Exercise data:
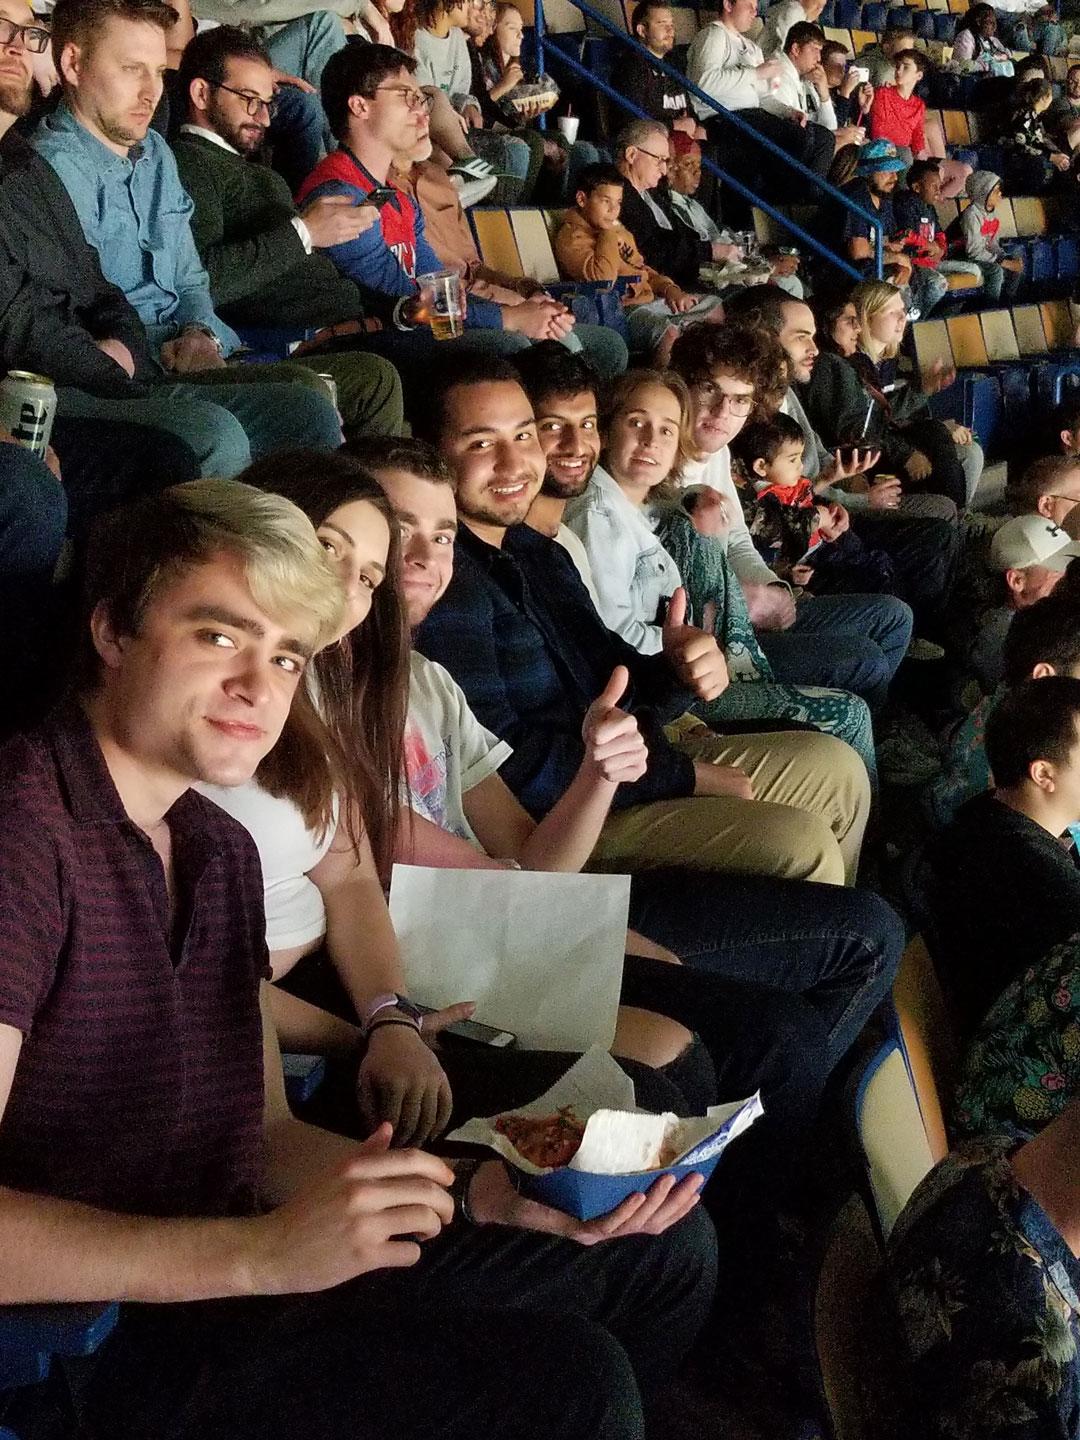 TRC members sitting in stands at a New Orleans Pelicans game
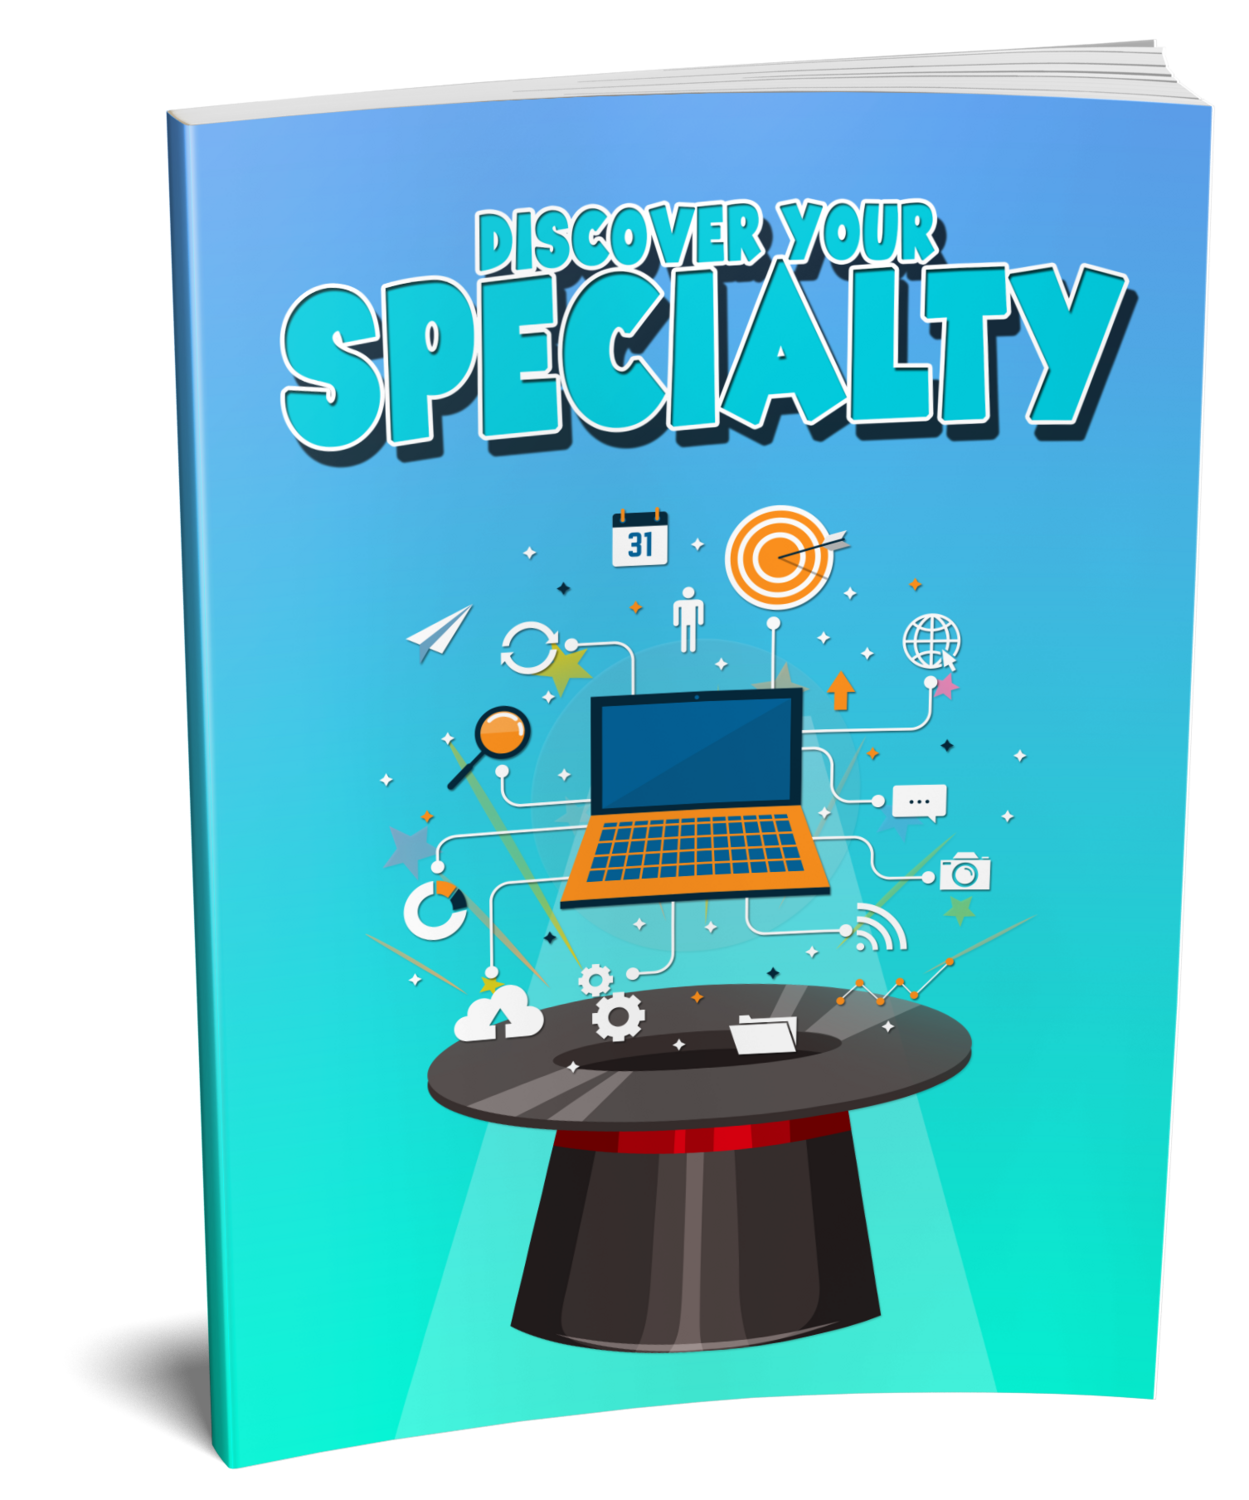 Discover Your Specialty
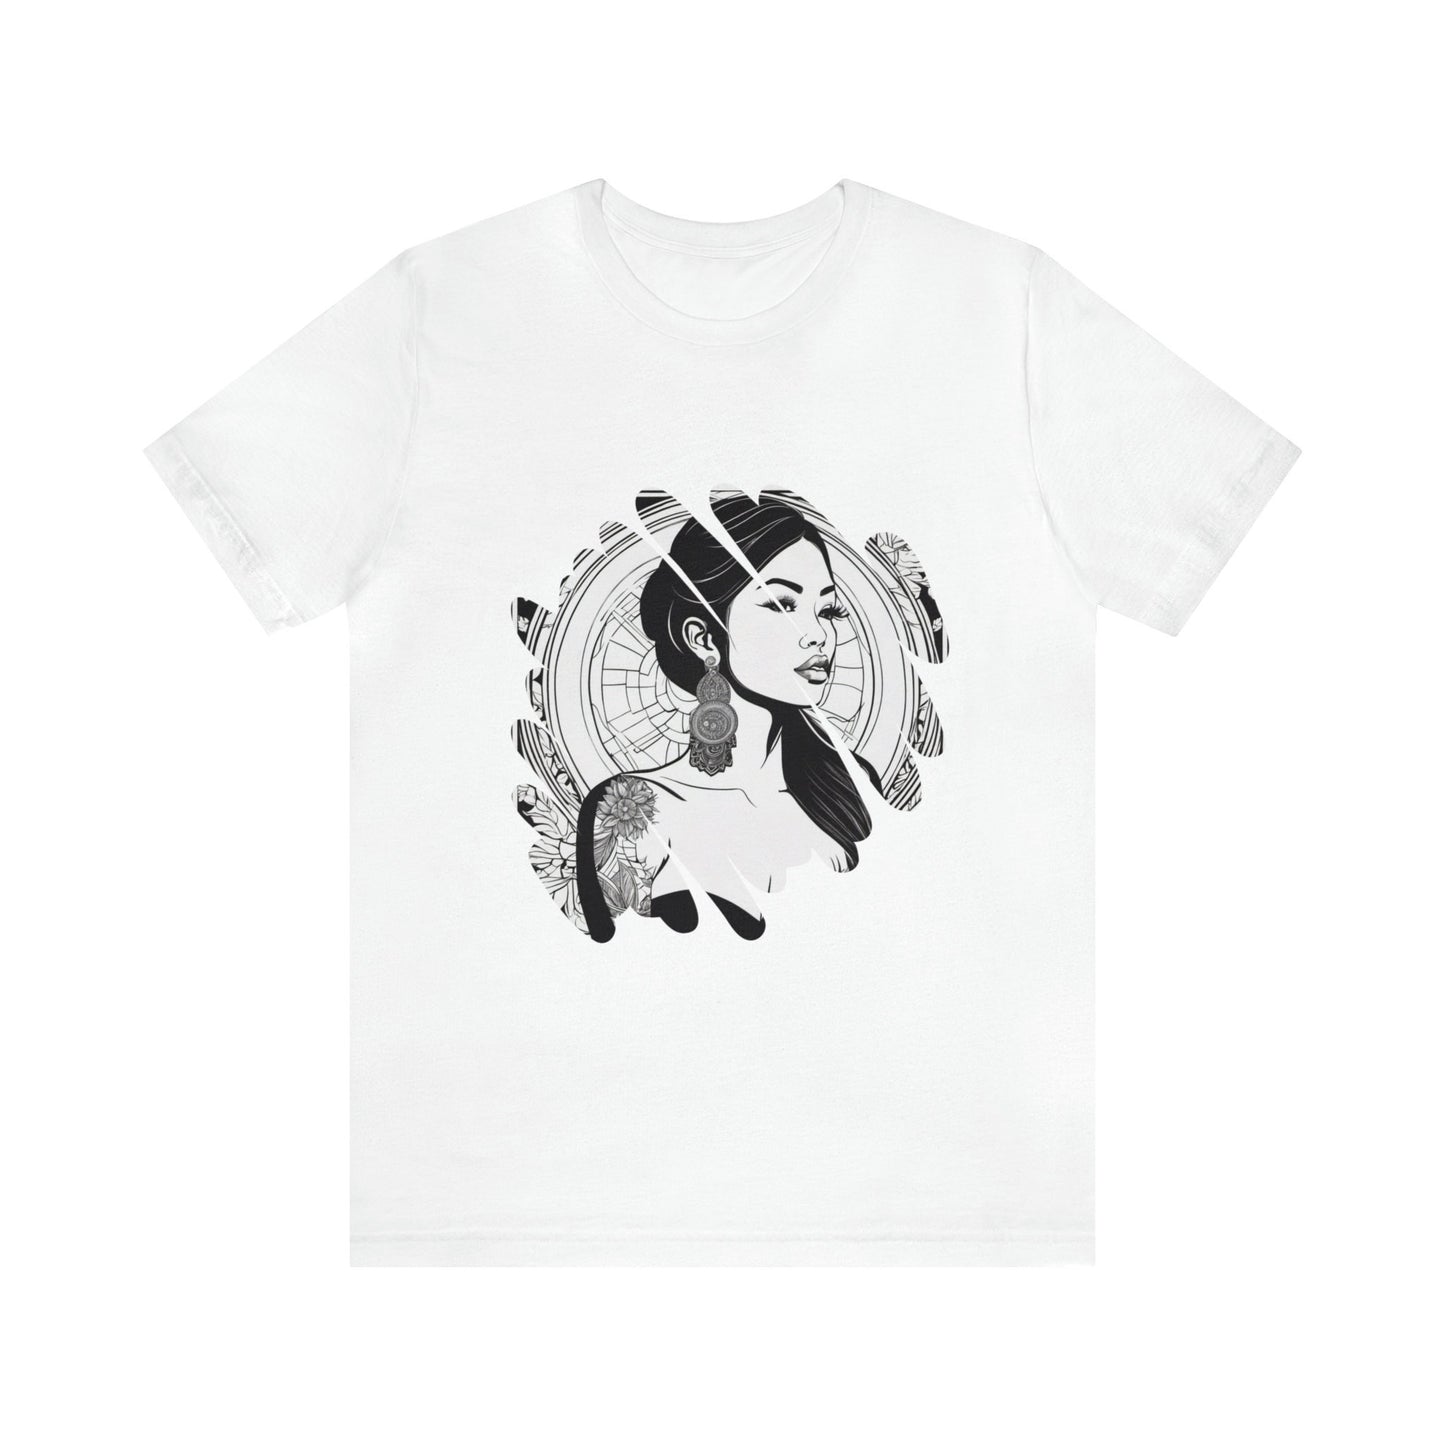 Melinda Tattoo Pin-Up Girl Short Sleeve Tee Perfect Gift for Men and Women
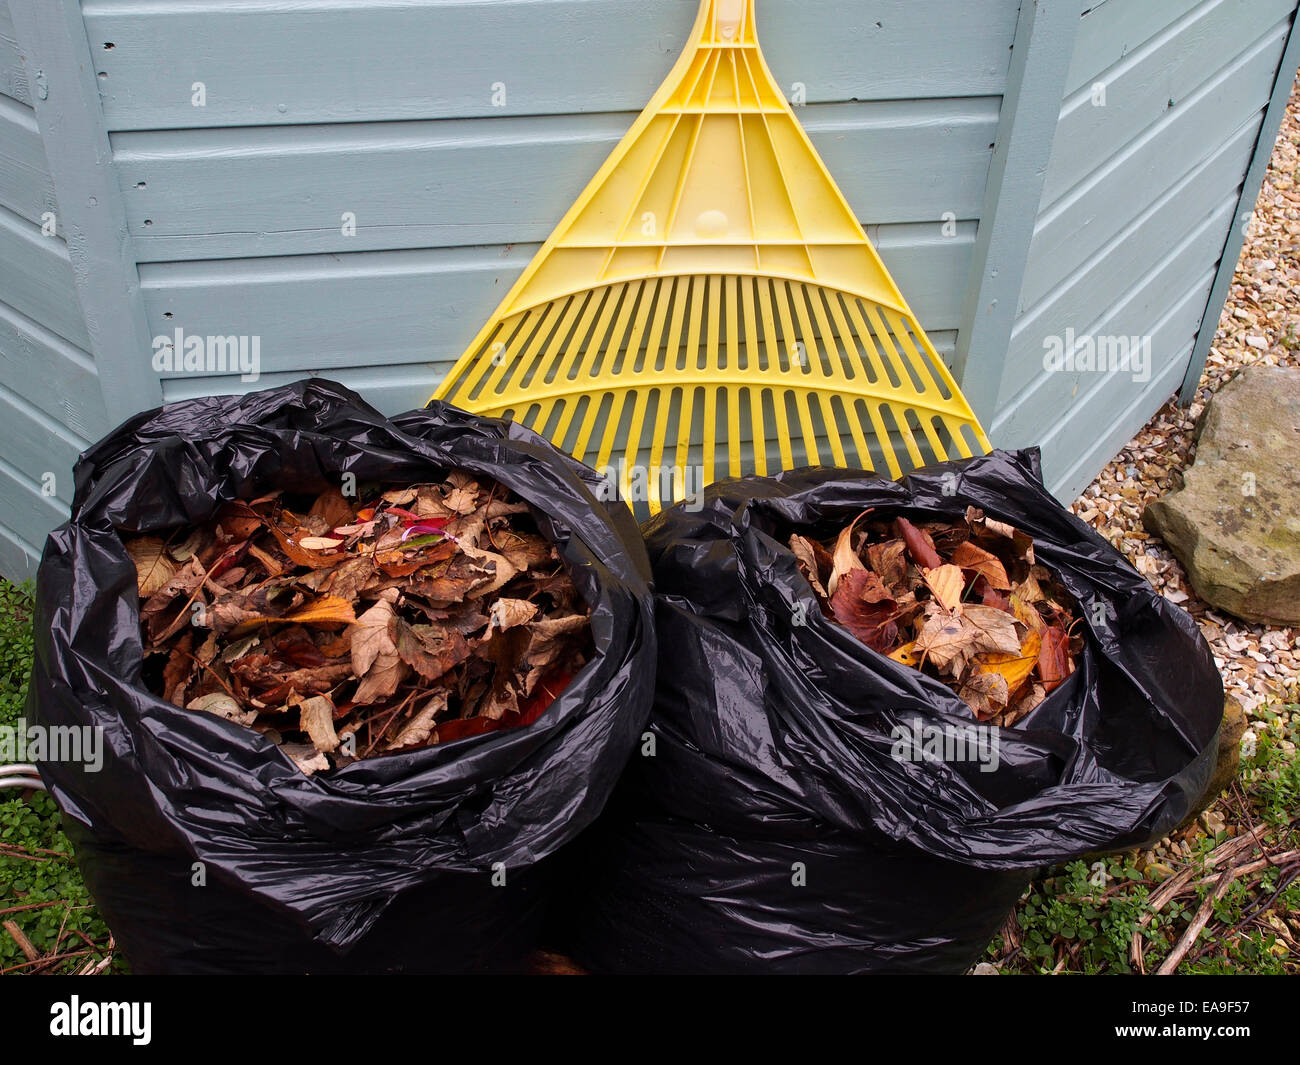 Black plastic bags filled with dead autumn leaves, which will decompose in the bag forming leaf mould a useful garden fertiliser Stock Photo

About this task: Your task is to quote exactly the lines from the one with "Discover Your Specialty" through the end of the material, both included, without reproducing any pictures.

Answer for this exercise:
 Discover Your Specialty
 Melinda Tattoo Pin-Up Girl Short Sleeve Tee Perfect Gift for Men and Women
 Black plastic bags filled with dead autumn leaves, which will decompose in the bag forming leaf mould a useful garden fertiliser Stock Photo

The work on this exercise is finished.